Environmental Pollution is a hot major issue globe wide. It needs to be solved on priorities basis. Dyes are used in textile, dyeing, printing, cosmetic, leather industries etc. Most of the industries are releasing their waste directly into the water systems without treatment which is threatening aquatic life seriously. When such water is used for irrigation purpose, than crops are contaminated, which ultimately disturb the whole food chain. So, there is an utmost need to treat industrial effluent before its disposal into main water body. Industrial polluted water is used for irrigation purpose which is contaminating our crops. The attention would be focused to work on degradation/detoxification of industrial wastes using microbes, enzymatic profiles; toxicity evaluation etc. Our experimental strategy involves to irrigate the multiple varieties of Solanum lycopersicum (tomato) with normal water, with industrial effluents (polluted untreated water from three different sources) and with treated polluted water, followed by determination of different parameters like soil properties, germination, growth parameters, photosynthetic attributes, oxidants, antioxidants (enzymatic, non-enzymatic), microbial contamination of soils, protein profiling, qualitative & quantitative aspects of yield, heavy metal contents determination, estimation/localization of industrial effluents under study in root shoot leaf and fruit part. 

What actions do you propose?


The whole experimental plan will be comprised of following parts

Part I

1.      Optimization of different experimental parameters for degradation/detoxification of industrial wastes using white rot fungi (WRF)

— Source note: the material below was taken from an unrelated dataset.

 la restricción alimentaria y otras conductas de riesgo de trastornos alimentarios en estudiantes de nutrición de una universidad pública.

2.      To study the ligninolytic enzymes profile of WRF responsible decolorization as well as de-toxification of industrial effluents

3.      Spectral analysis of metabolites of treated industrial effluents

4.      Toxicity estimation of treated industrial effluents

Part II

Multiple varieties of Solanum lycopersicum (tomato) will be grown in pots and will be irrigated as follow

a-      Control- irrigation with normal water

b-       T1- Irrigation with industrial effluents (polluted untreated water from three different sources)

             T2- irrigation with treated polluted water

Different parameters like soil properties, germination, growth parameters, photosynthetic attributes, oxidants, antioxidants (enzymatic, non-enzymatic), microbial contamination of soils, protein profiling, qualitative & quantitative aspects of yield, estimation/localization of industrial effluents under study in root shoot leaf and fruit part, will be taken into account.

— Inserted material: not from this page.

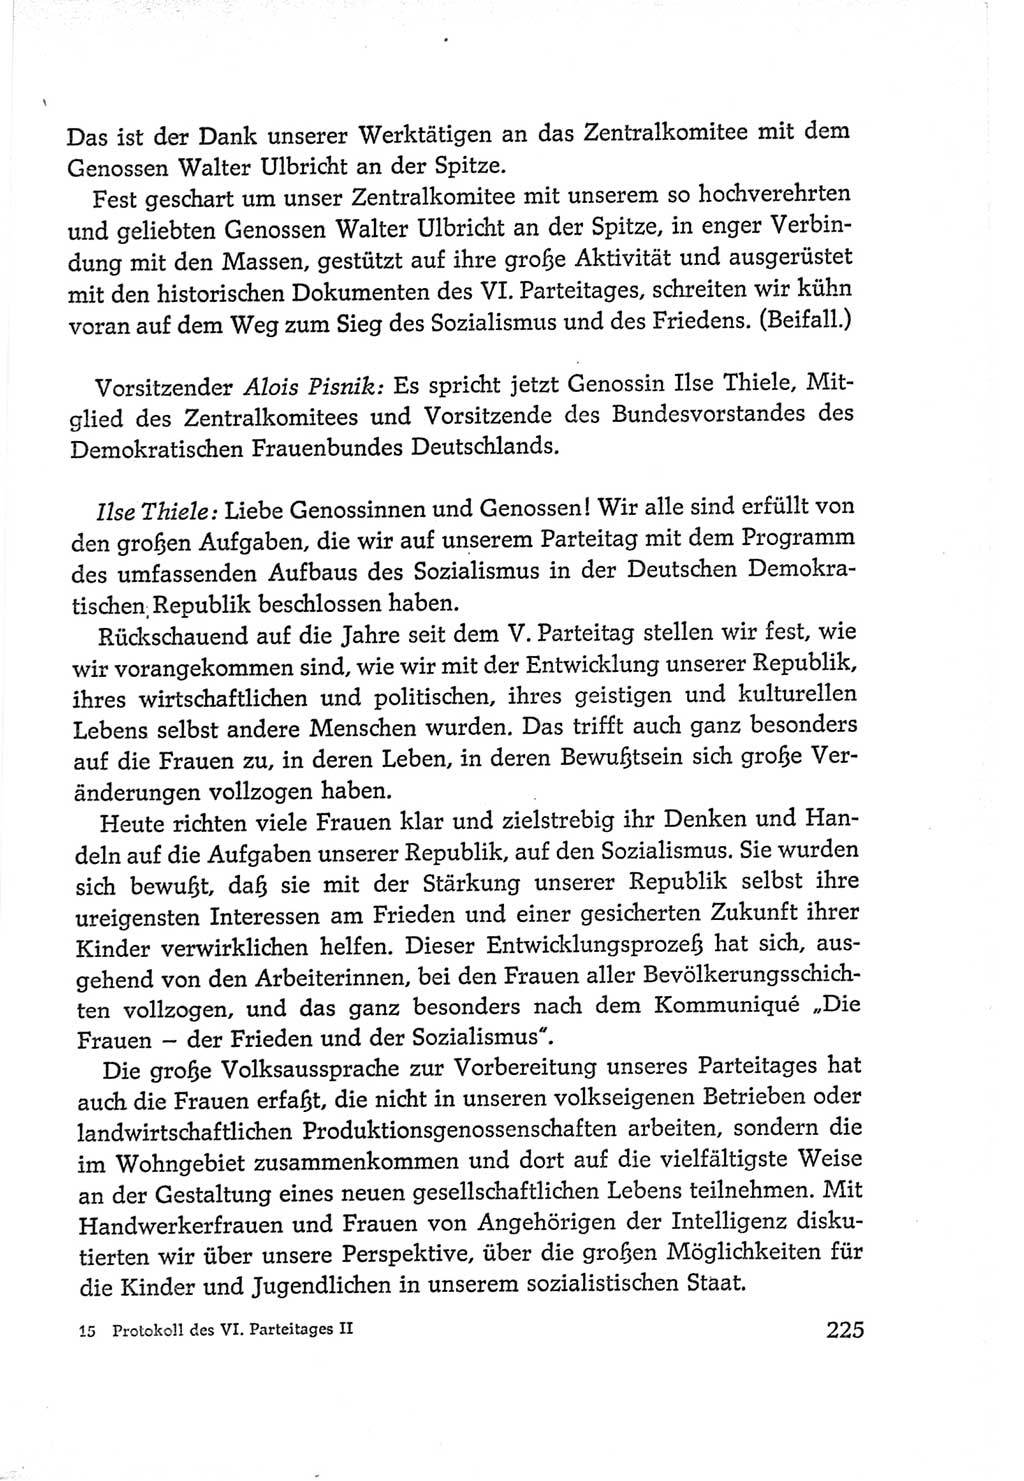 Protokoll der Verhandlungen des Ⅵ. Parteitages der Sozialistischen Einheitspartei Deutschlands (SED) [Deutsche Demokratische Republik (DDR)] 1963, Band Ⅱ, Seite 225 (Prot. Verh. Ⅵ. PT SED DDR 1963, Bd. Ⅱ, S. 225)

A.       Scientific/technical methodology (give details):


1. Degradation/Mineralization of Industrial effluents using white rot fungi

Different strains of fungi will be grown on Kirk’s medium slants for a period of one week at optimum pH and temperature, purified and stored at 4°C.

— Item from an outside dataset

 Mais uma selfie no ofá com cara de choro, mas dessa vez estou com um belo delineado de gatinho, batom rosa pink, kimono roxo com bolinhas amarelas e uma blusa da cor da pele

1.1 Preparation of biodecolorizable mixture

Biodecolorizable mixture (for each effluent) will be prepared using Kirk’s nutrient medium. The triplicate industrial effluent containing flasks will be inoculated with respective fungi and incubated at 32 oC for 10 days. The flasks having basal medium and industrial effluent will serve as control. Sample (1mL) will be withdrawn from flasks (after 24 hours) and centrifuged at 1200rpm for 10 min to check absorbance at λmax. Supernants obtained after centrifugation (1200rpm for 10 min) will be run though spectrometer (Model T60U). The absorbance values will be used to calculate degree of decolorization. The uninoculated medium having industrial effluent will serve as blank. The results will be represented as an average of triplicates [10].

The fungal strain exhibiting best decolorization will be chosen for development/optimization of the biodecolorization process.

1.2 Optimization of biodecolorization process

Microbial progression and their enzyme assembly are the key role models responsible for decolorization and mineralization of effluents involving dyestuffs. Literature study revealed the reliance of fungal enzymes on specific growth parameters for their maximum working efficiency. Superlative growth factors are pH, temperature, inoculum’s size and effect of different additives [11]. (Ganesh et al., 1999). The process will be optimized for chosen fungi showing maximum degradation (in screening experiment) of effluents under study. Growth parameters will be optimized by varying one parameter, retaining others unvarying. 

1.3       Enzyme assays

Ligninolytic enzymes (Laccase, Lignin peroxidase, manganese peroxidase) profiles will be studied using standard methodologies [12,13,14].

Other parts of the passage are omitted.